Exception classes with a throwing copy-constructors are as evil as throwing destructors. Nothing that can really be done about it.
std::runtime_error is designed to treat the usual runtime errors, not
out of memory or other such critical exceptions. The base class
std::exception does not do anything which may throw; nor does
std::bad_alloc. And obviously, remapping std::bad_alloc into an
exception which requires dynamic allocation to work is a bad idea.
The first thing is what would you want to do if you happen to have a bad_alloc exception because you're out of memory?
I'd say in a classic C++ program, you'd want to have the program somehow trying to tell you what happened and then terminates.
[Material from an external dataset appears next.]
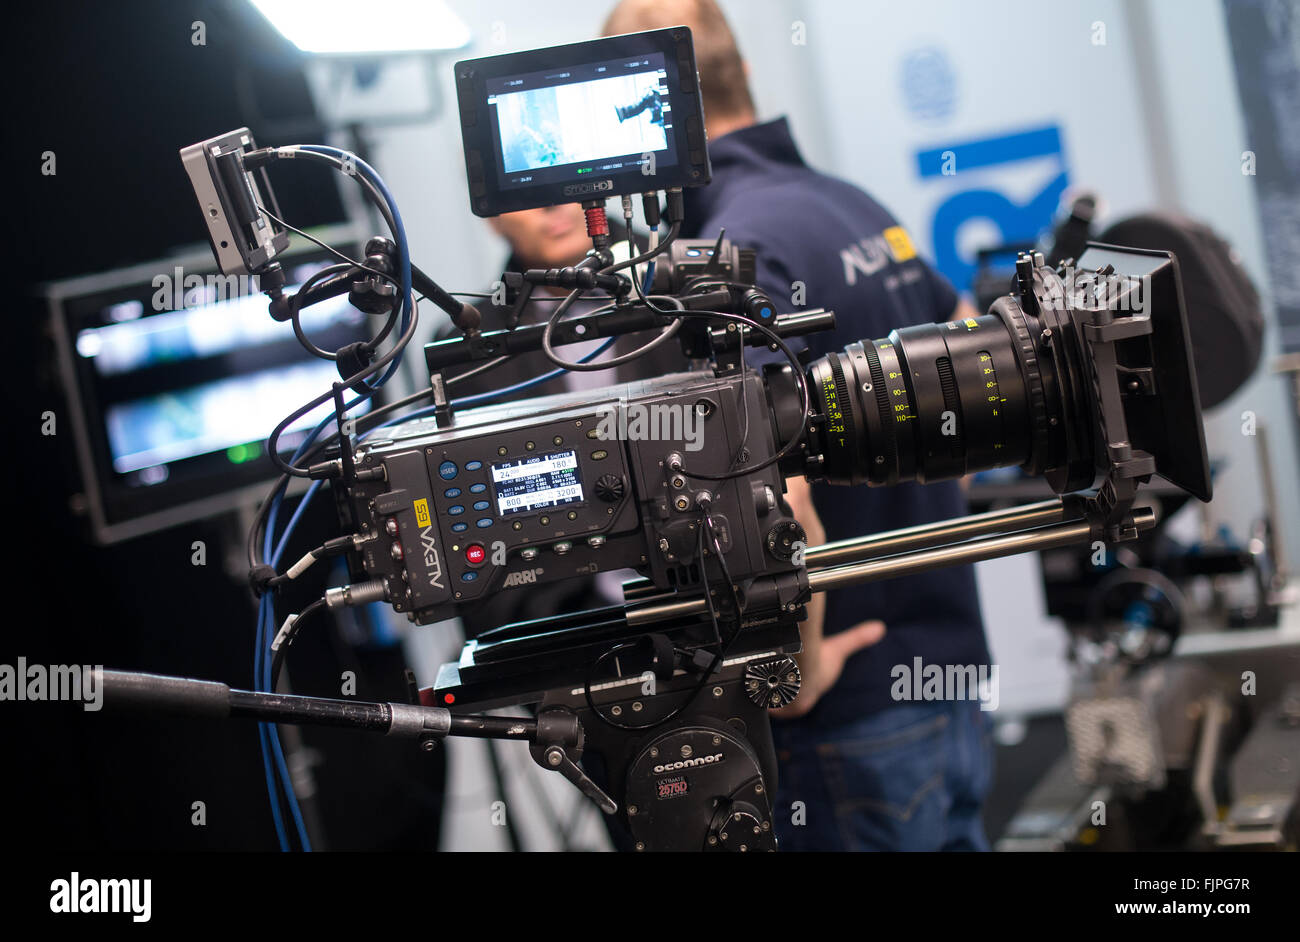 Munich, Alemania. 03Rd Mar, 2016. La Alexa 65 cámara de cine digital film  technology company Arri puede verse en un estudio en Munich, Alemania, el  03 de marzo de 2016. El ganador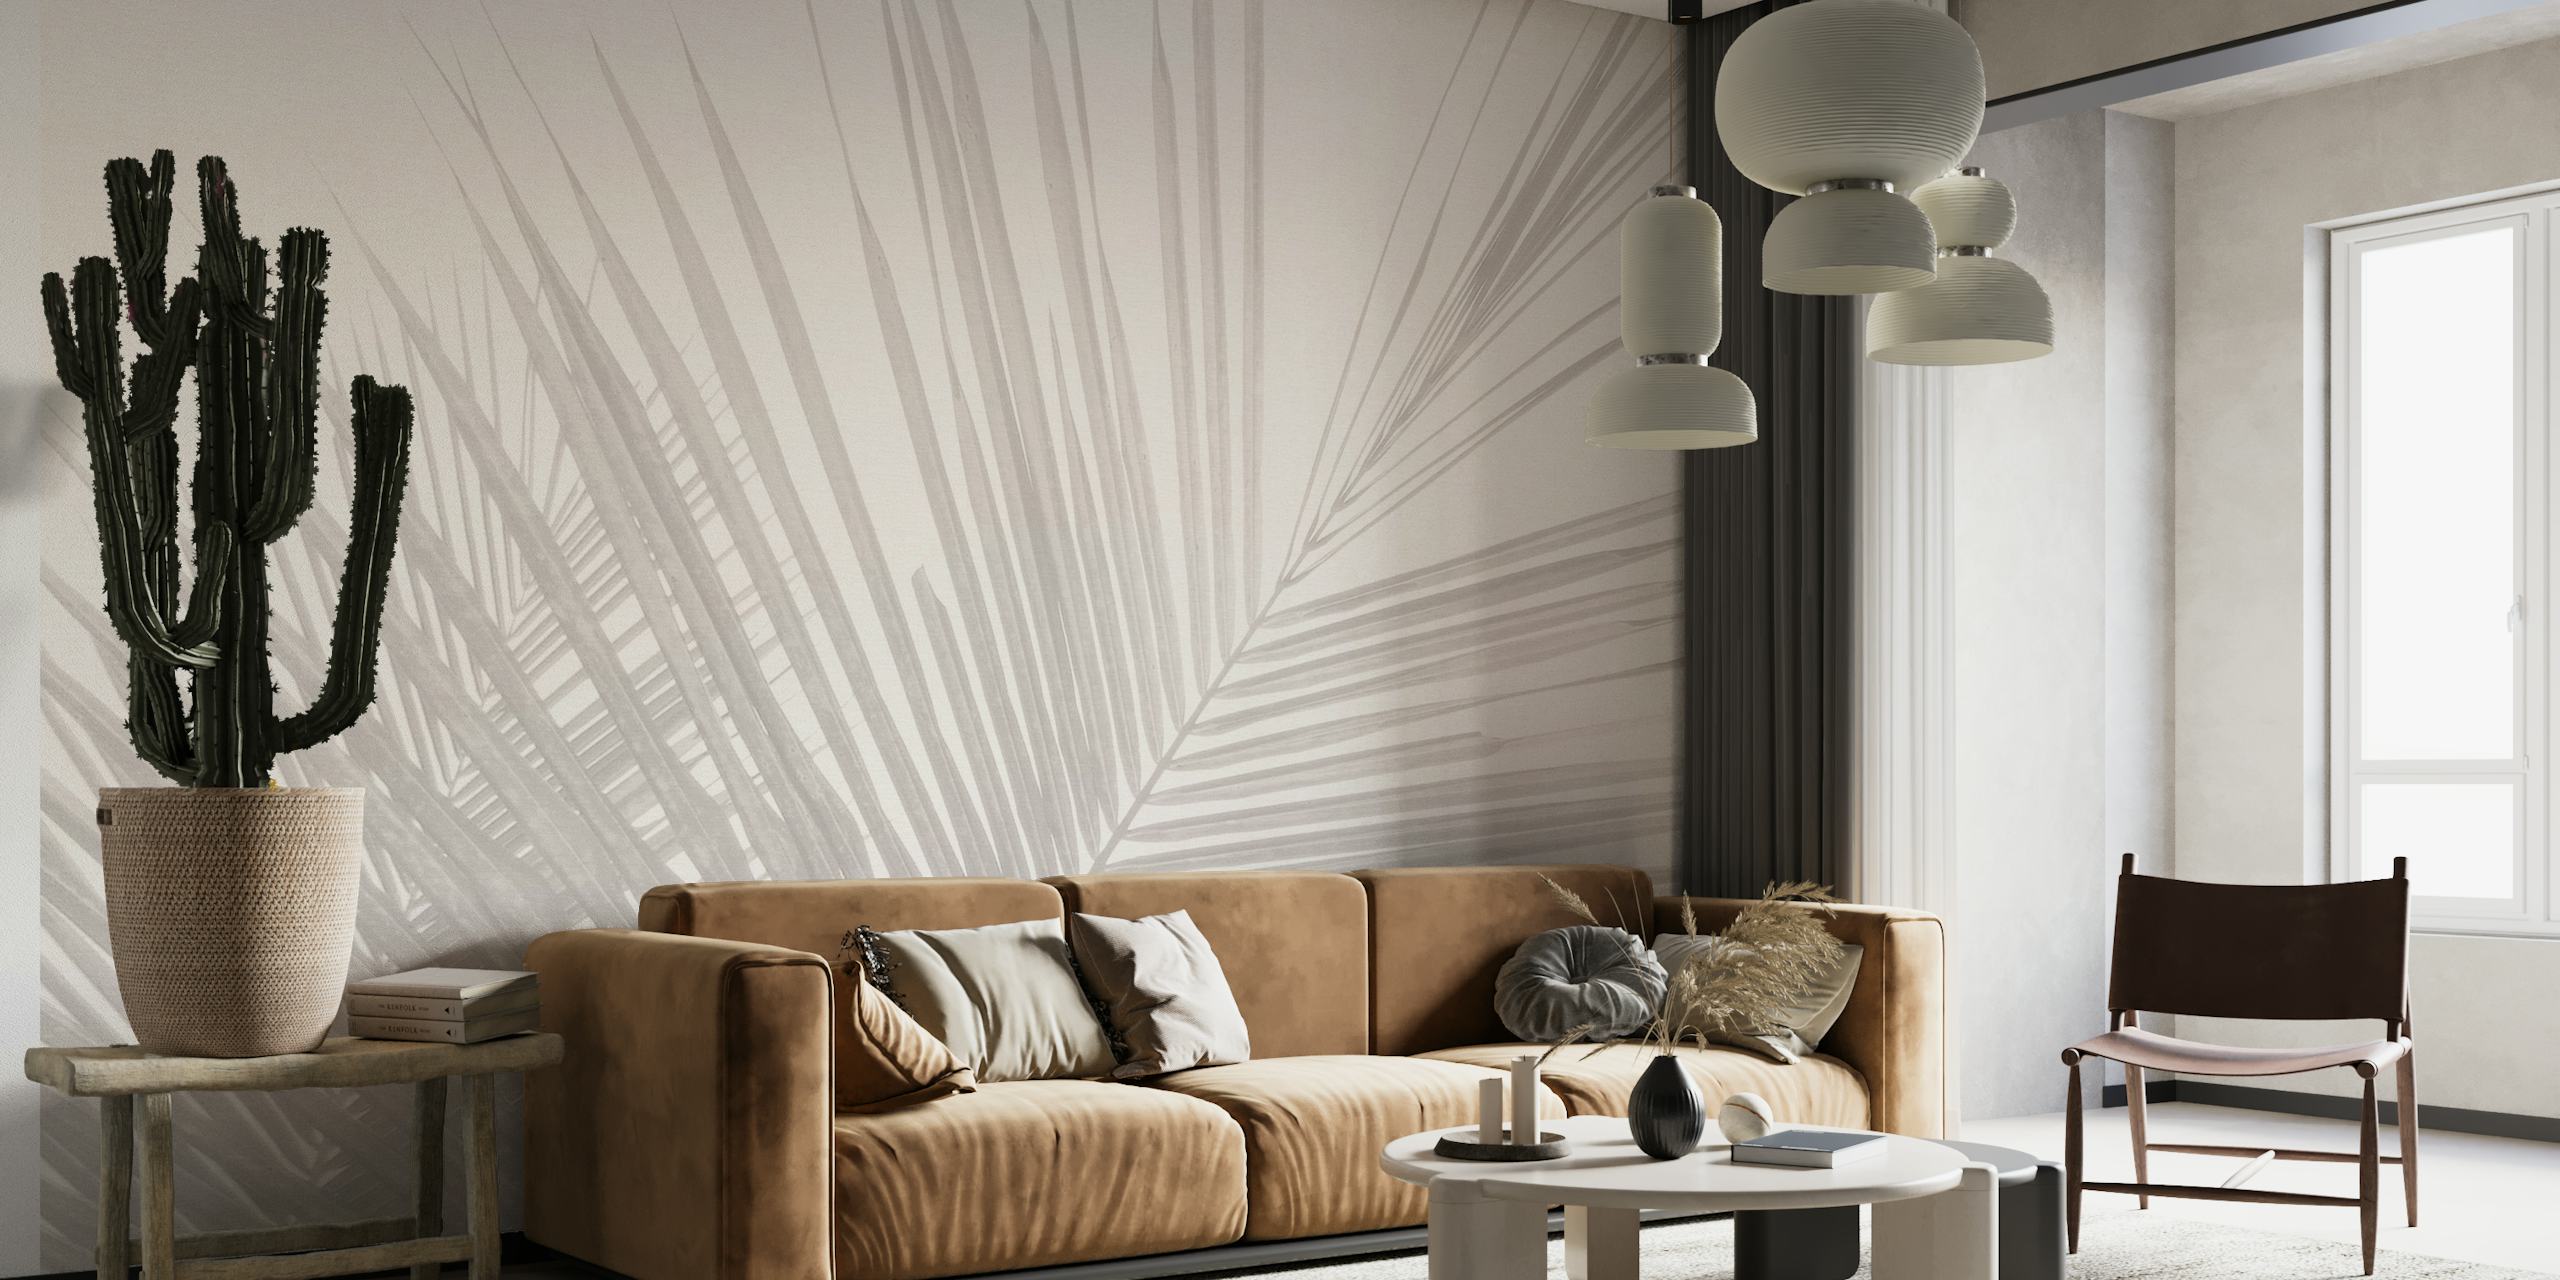 Soft tones tropical palm leaves  -Blush papiers peint

In a classic C++ program you'd then let the bad_alloc exception propagate to the main section of the program. The main will contain an arragement of try/catch like this:
int main()
{
try
{
// your program starts
}
catch( const std::exception & e )
{
std::cerr << "huho something happened" << e.what() << std::endl;
}
catch( ... )
{
std::cerr << "huho..err..what?" << std::endl;
}
}
you'll only use catch( ... ) inside the main and at the starting functions of threads. Contrary to some other languages like Java you're not expected to catch all possible exceptions locally. You just let them propagate until you catch them where you wanted to.
Now if you have code that specifically must check std::bad_alloc, you should only catch( const std::bad_alloc & ) locally. And there it should maybe wise to do something else rather than just rethrow another exception.
I found in The C++ Programming Language ยง14.10 also that the C++ exception-handling mechanism keeps a bit of memory to itself for holding exceptions, so that throwing a standard library exception will not throw an exception by itself. Of course it is possible also to let the exception-handling mechanism run out of memory if you really code something perverted.
So, to sum up, if you do nothing and let big exceptions like bad_alloc propagate nicely where you want to catch them, in my opinion you're safe. And you should not use catch( ... ) or catch(const std::exception & ) anywhere except in the main function and in the starting functions of threads.
Catching all exceptions to rethrow a single exception is really the last thing to do. You lose every advantages you got with the C++ exception-handling mechanism.